The Workforce Diversity in Higher Education report[1] identified major challenges that Asian academics face in Australian universities, including: 

  • their significant under-representation in senior positions, despite the fact that Asians have constituted the majority of international students since the 1980s; 
  • the gender gap among Asian-born academics has widened between 2005 and 2015, while it has been closed for other groups; and 
  • the majority (67.9%) of Asian women felt they had been affected by their immigrant background in the workplace, which was higher than the figure (52.7%) for their male counterparts. 

This research argues for more attention to intersectionality in diversity and inclusion (D&I) efforts to address these issues. Based on 77 qualitative interviews with Asian female academics, it identified several interventions that have been and/or would be helpful in addressing their under-representation and challenges. 

The most crucial one is the university management’s commitment to diversifying the staff and supporting minorities. When there is a strong commitment from senior management, more minorities are hired, and support is provided for inclusion. 

Unconscious bias training is also effective, as studies have demonstrated that unconscious bias often operates in recruitment/promotion processes. Such training should be offered more widely, together with anti-racism and intercultural-awareness training. Training alone, however, will not resolve the under-representation of Asian women: quotas and/or targets, which successfully advanced women’s positions in Australian academia, should also address intersectionality.   

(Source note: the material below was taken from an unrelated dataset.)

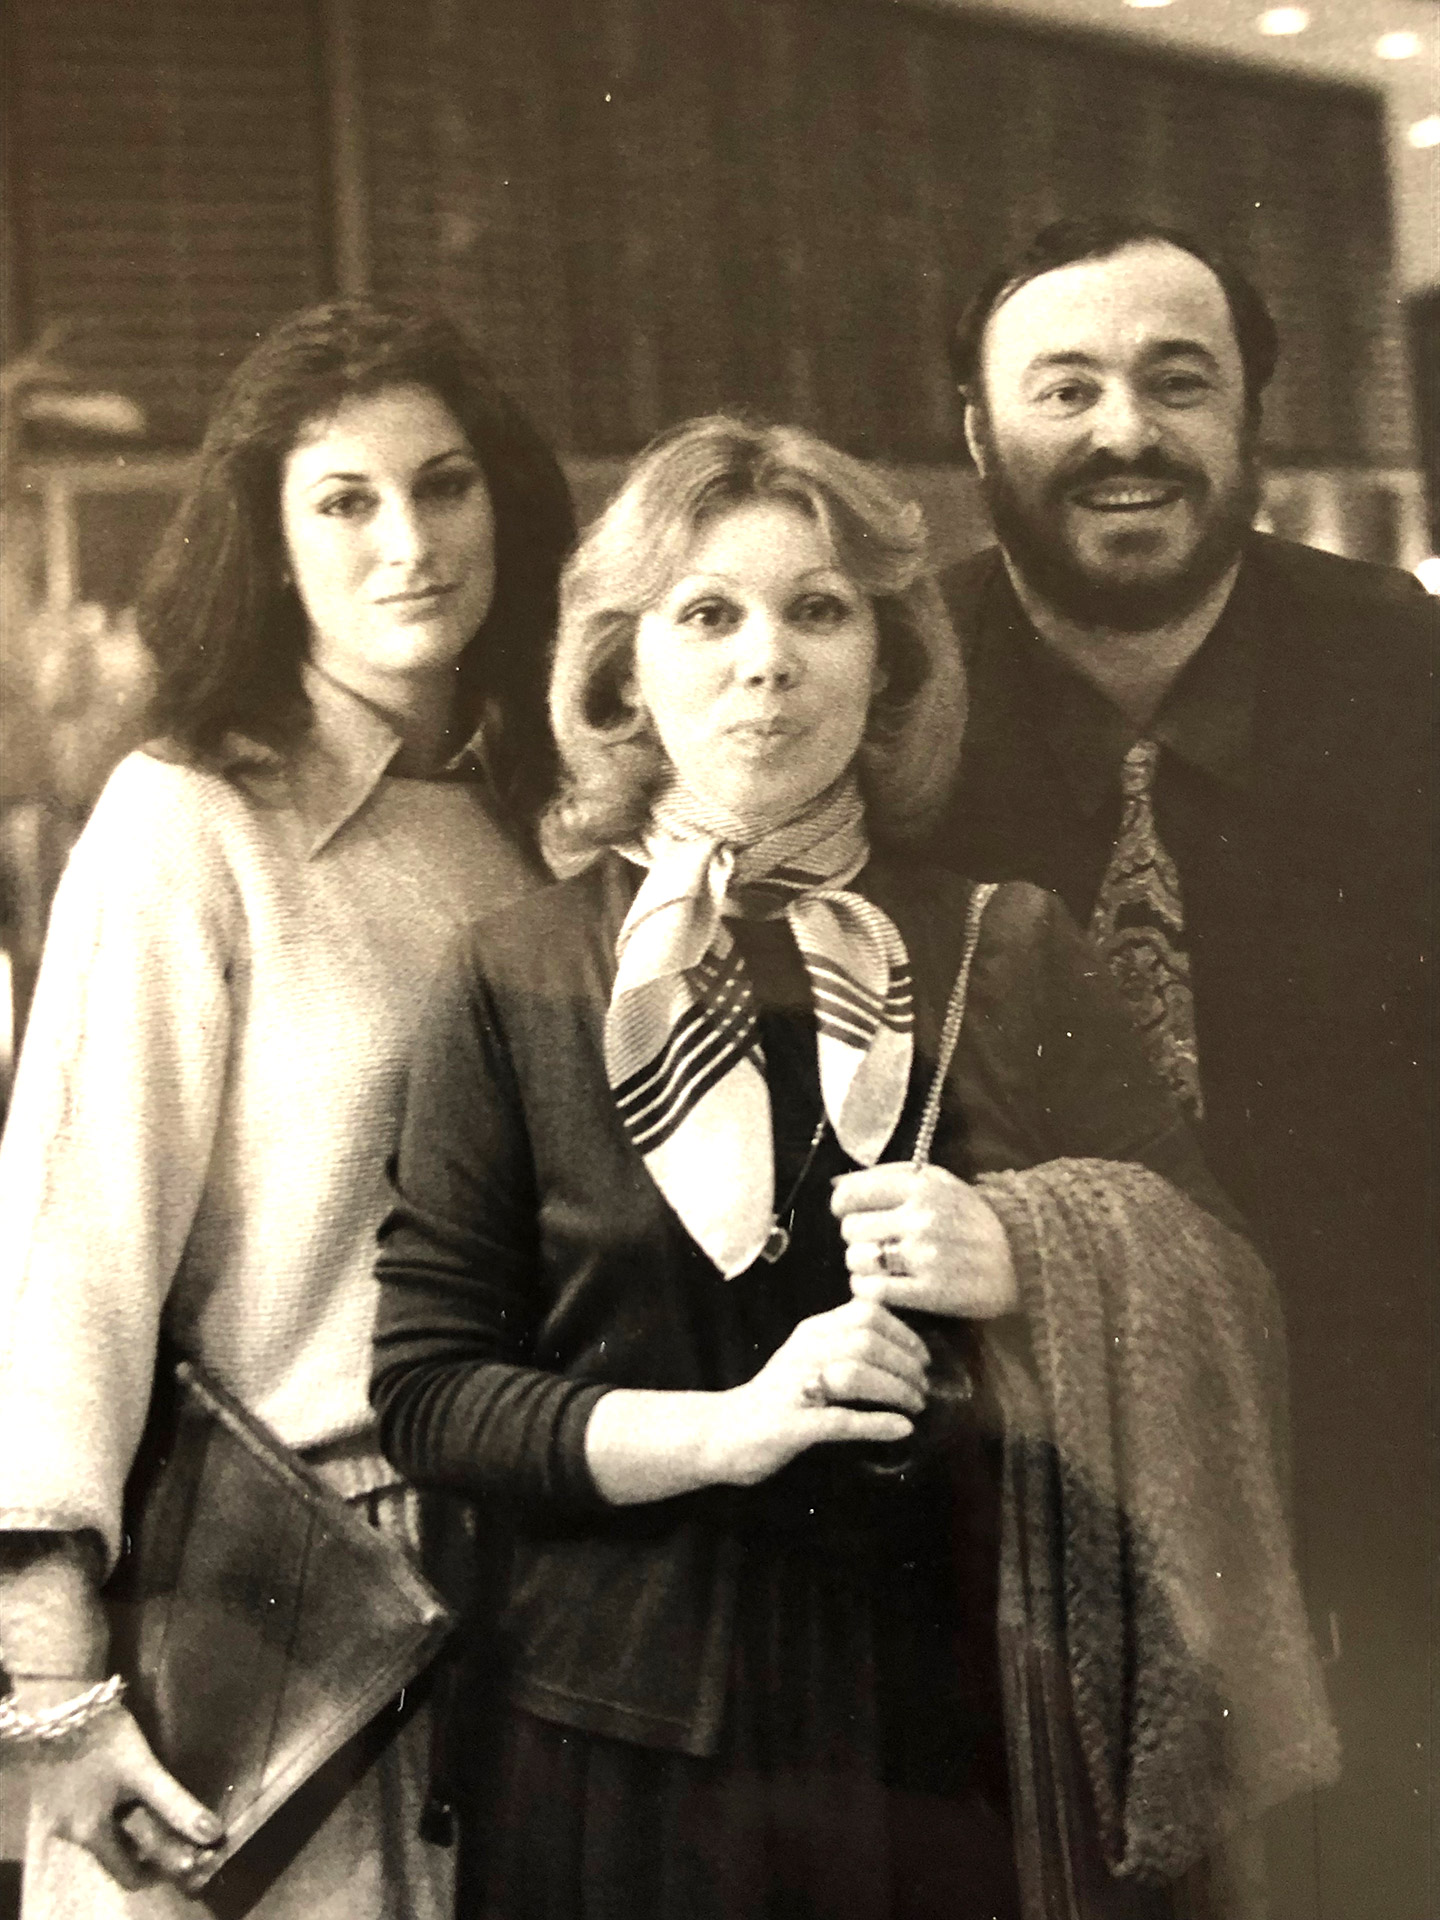 With Luciano Pavarotti and Mirella Freni
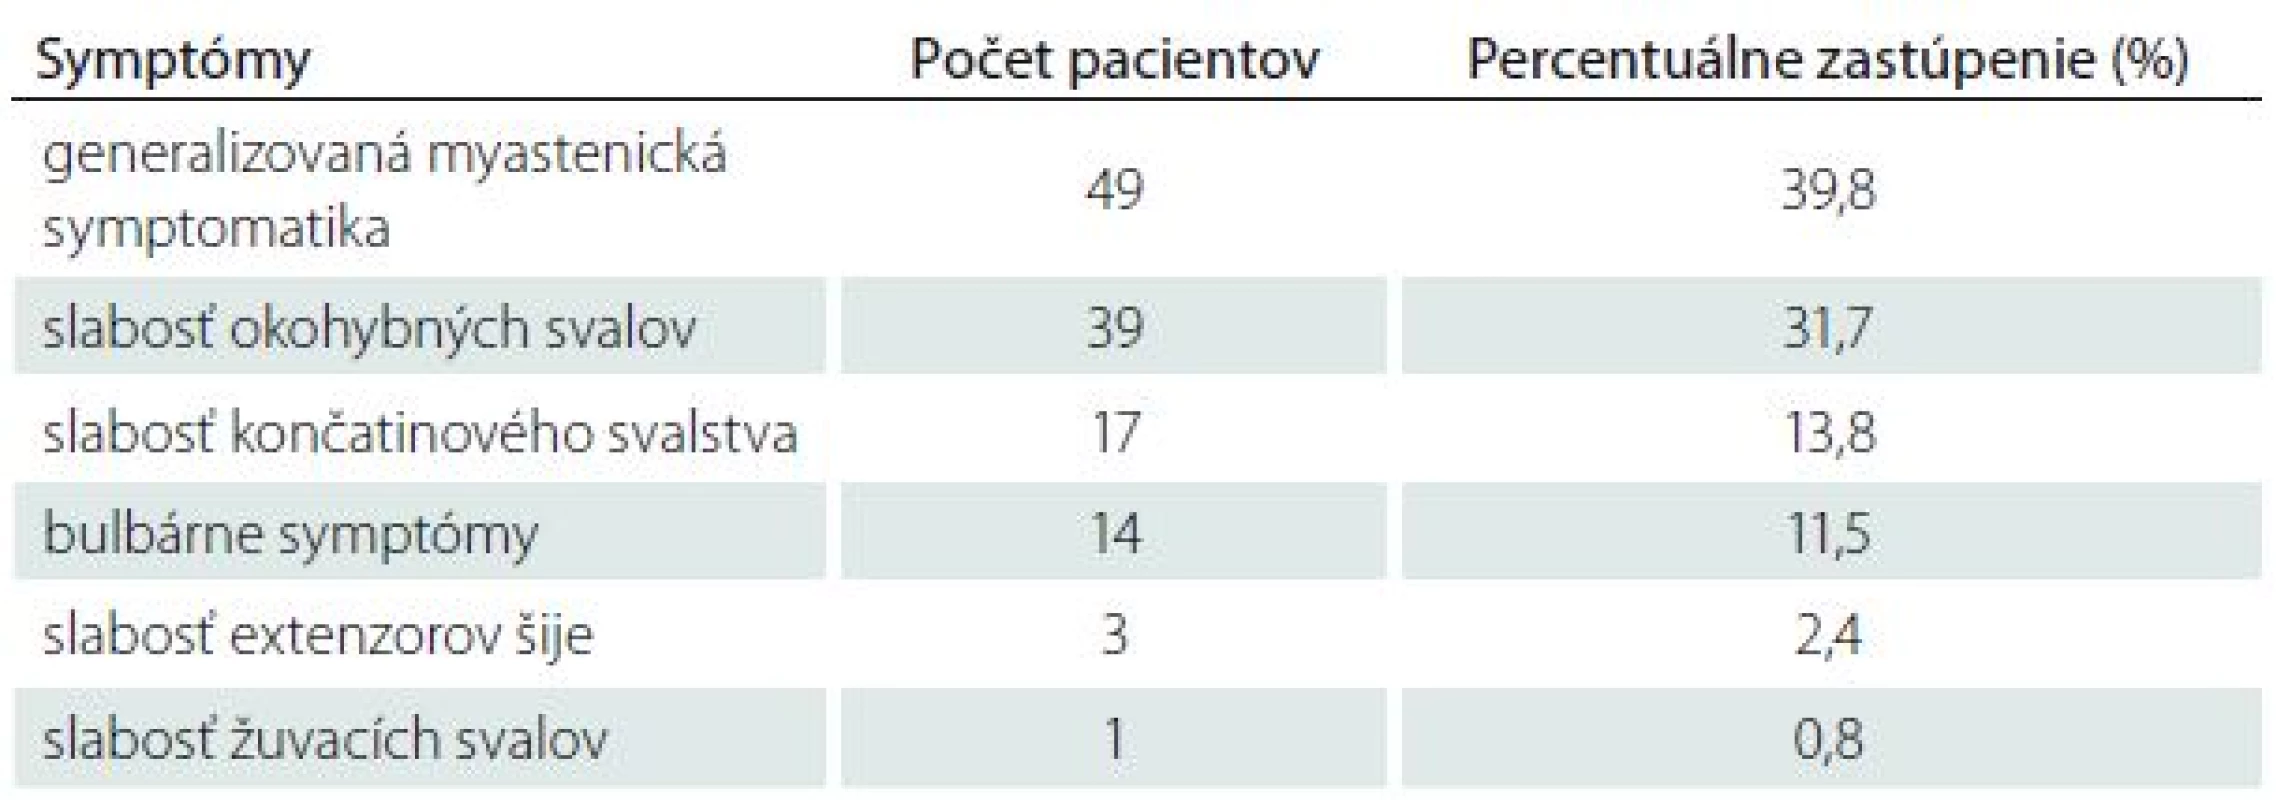 Iniciálne príznaky u pacientov s MGAT v Slovenskej republike.

The participants acknowledged that Asian women tend to undervalue themselves and do not feel comfortable with self-promotion due to their cultural upbringing. They also struggle with their family’s gender role expectations. For these matters, mentoring is helpful, though its effectiveness varies, depending on the program arrangements, mentors’ time commitment and the nature of mentorships.  

Long-term, regular consultations and research collaboration with mentors are effective. For those who were educated in Australia, their academic advisors often support them as informal mentors, providing advice and career-related opportunities. Those who were educated overseas, however, struggle to find supportive mentors due to their limited social capital in Australia. Their lack of cultural capital and unfamiliarity with Australia’s higher education system add another challenge. 

Official mentorship is crucial for them, but some participants argued that mentors should be incentivised in the forms of workload and/or remunerations, as they tend to be too busy to meet with their mentees on a regular basis. 

Others reported that the mentoring/leadership programs that specifically cater to minority women were highly helpful. The participants benefitted from developing connections with women in senior management, receiving advice from them and developing support groups with other minority women. Such targeted programs should become more widely available. 

Lastly, the participants emphasised the importance of minority female “role models” in their university communities. Australian universities should have more diverse ethnic and gender minorities in visible leadership positions to inspire future generations of minority academics. 


[1] Oishi N (2017) Workforce diversity in higher education: the experiences of Asian academics in Australian universities [PDF 2,515 KB], The University of Melbourne, accessed 5 April 2022.